If I try with n=1_000_000_000 instead of n=100_000_000 I have the same step in the timings as you:

julia> @btime foo1(x,y);
  572.141 ms (2 allocations: 953.67 MiB)

julia> @btime foo2(x,y);
  821.871 ms (2 allocations: 953.67 MiB)

julia> @btime foo3(x,y);
  551.218 ms (2 allocations: 953.67 MiB)

julia> @btime foo4(x,y);
  572.606 ms (2 allocations: 953.67 MiB)

But proofing that this is caused by different CPUs is beyond my capability.

Can we maybe conclude comparing foo2 vs foo3 that extra getindex causes the difference in performance? So, list-comprehension performance in this case very okay.

Would be interesting to be able to profile code at llvm level.
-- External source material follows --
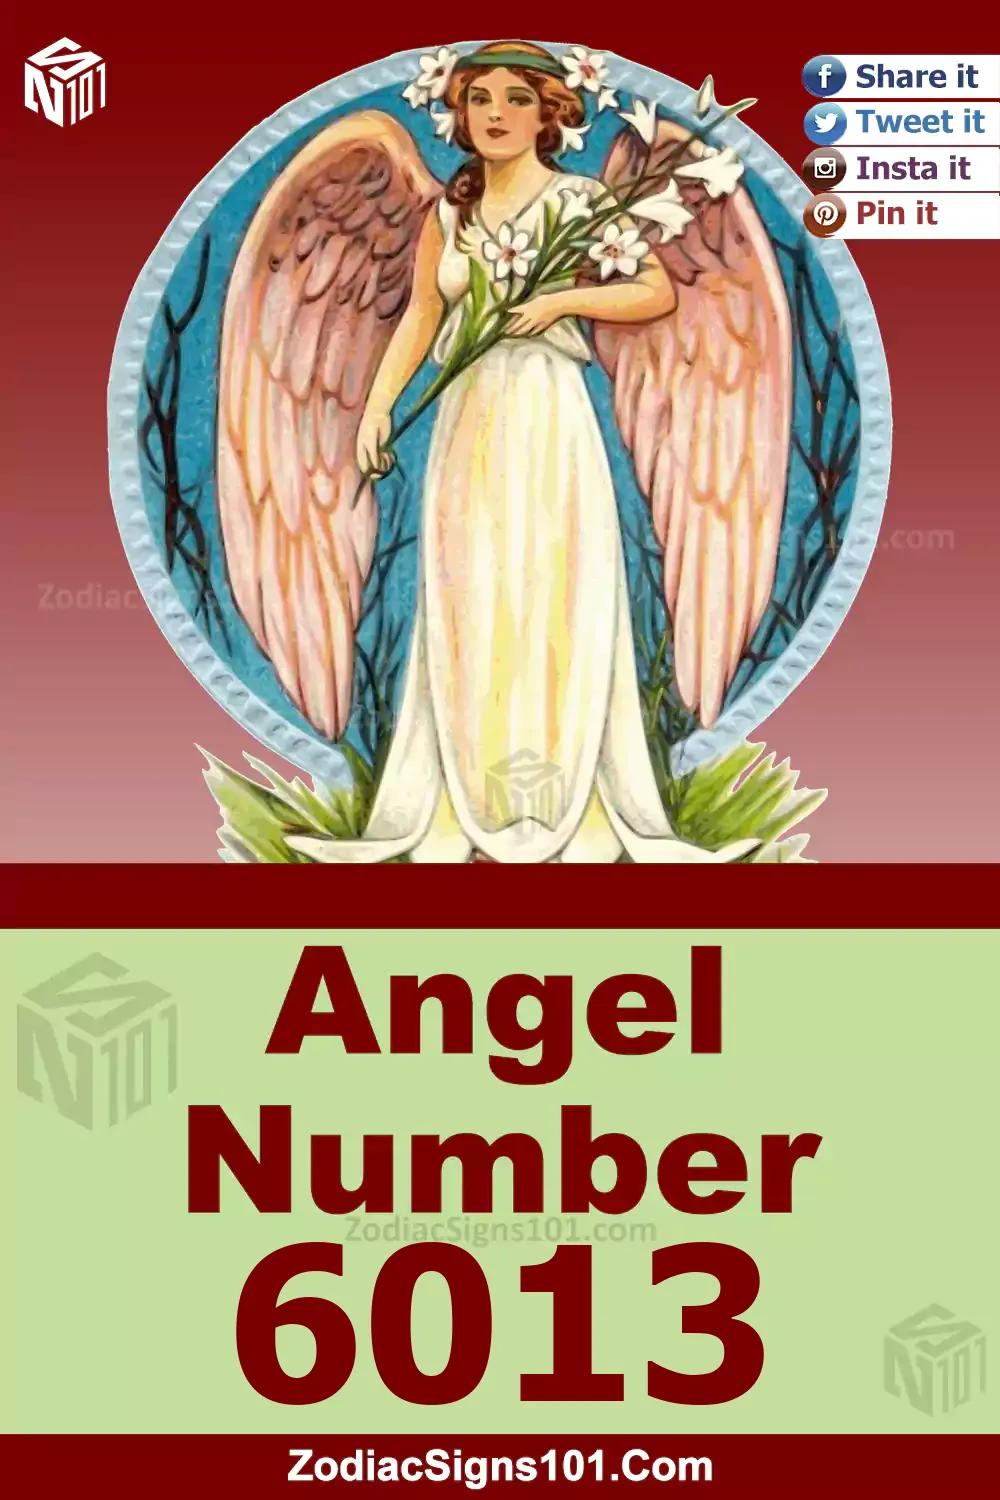 6013-Angel-Number-Meaning.jpg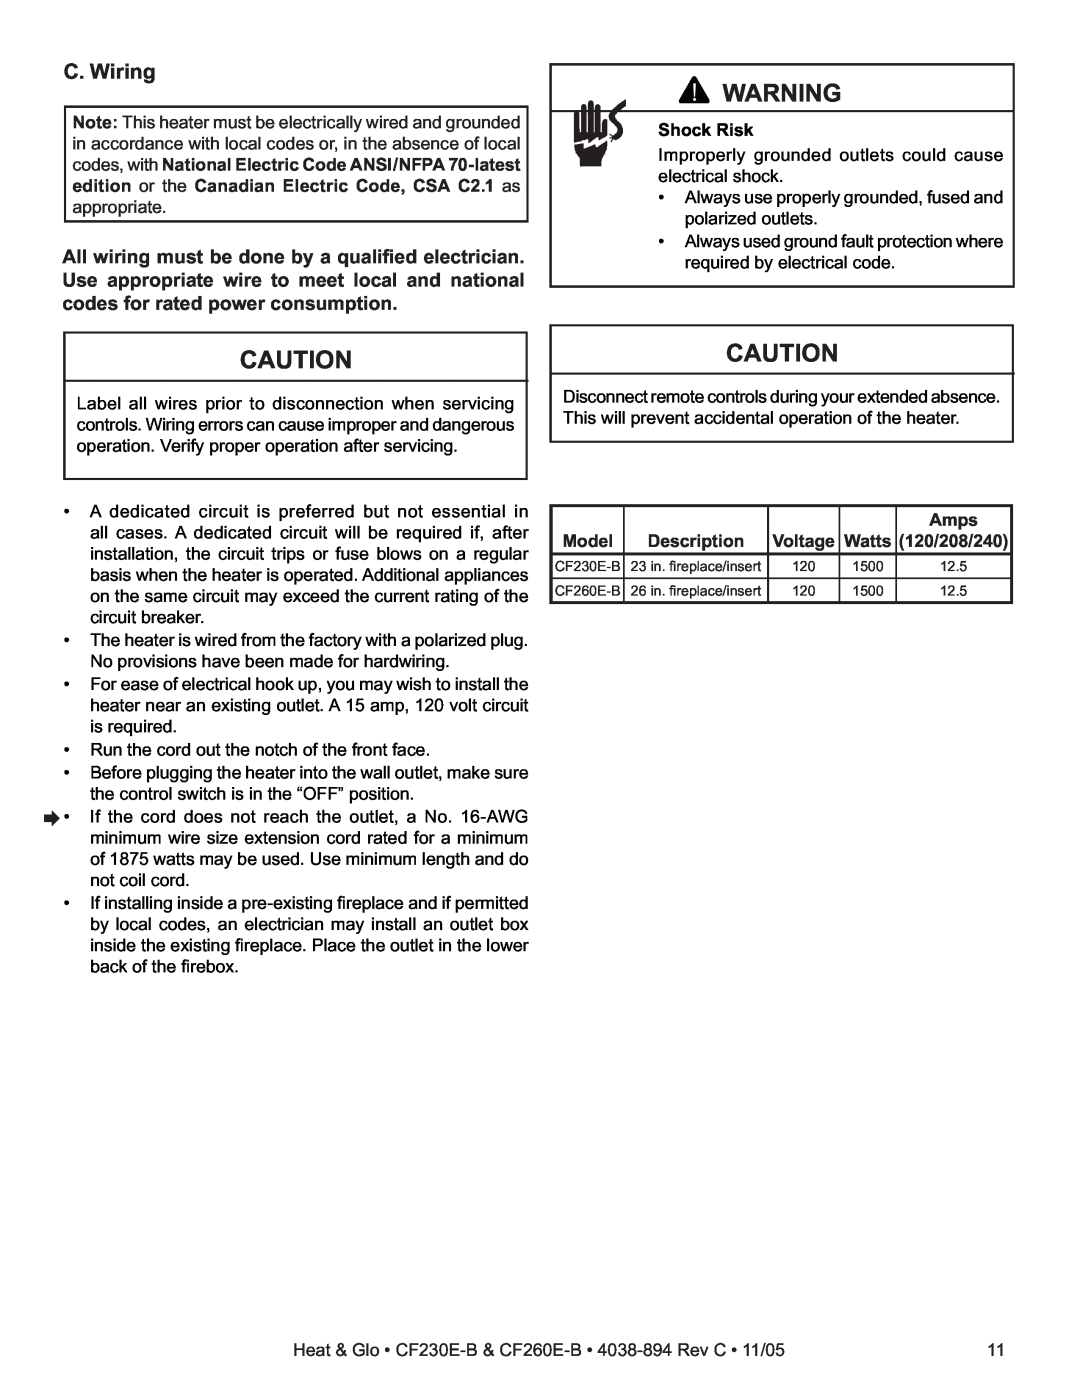 Heat & Glo LifeStyle CF260E-B, CF230E-B owner manual C. Wiring, Shock Risk, Amps, Description, Watts, 120/208/240

Of course that is the case. I thought this was the easy part of this whole discussion. Conclusion: comprehensions, loops and generators can have similar timings (at least in 1.6. and if problem size is not too big).

After checking that as solved in my mind I was analyzing the different Julia versions and problem sizes, which let me think, that CPU differences play also a role when seeing differences in timings. Suspicion: In 1.6. at a CPU specific threshold, comprehension (and equivalent generator) are superior over loops (proof beyond my skill) in this special case.

Use $ in benchmarks, otherwise results can be meaningless.

I checked, no differences here, so I stayed without $ for this discussion.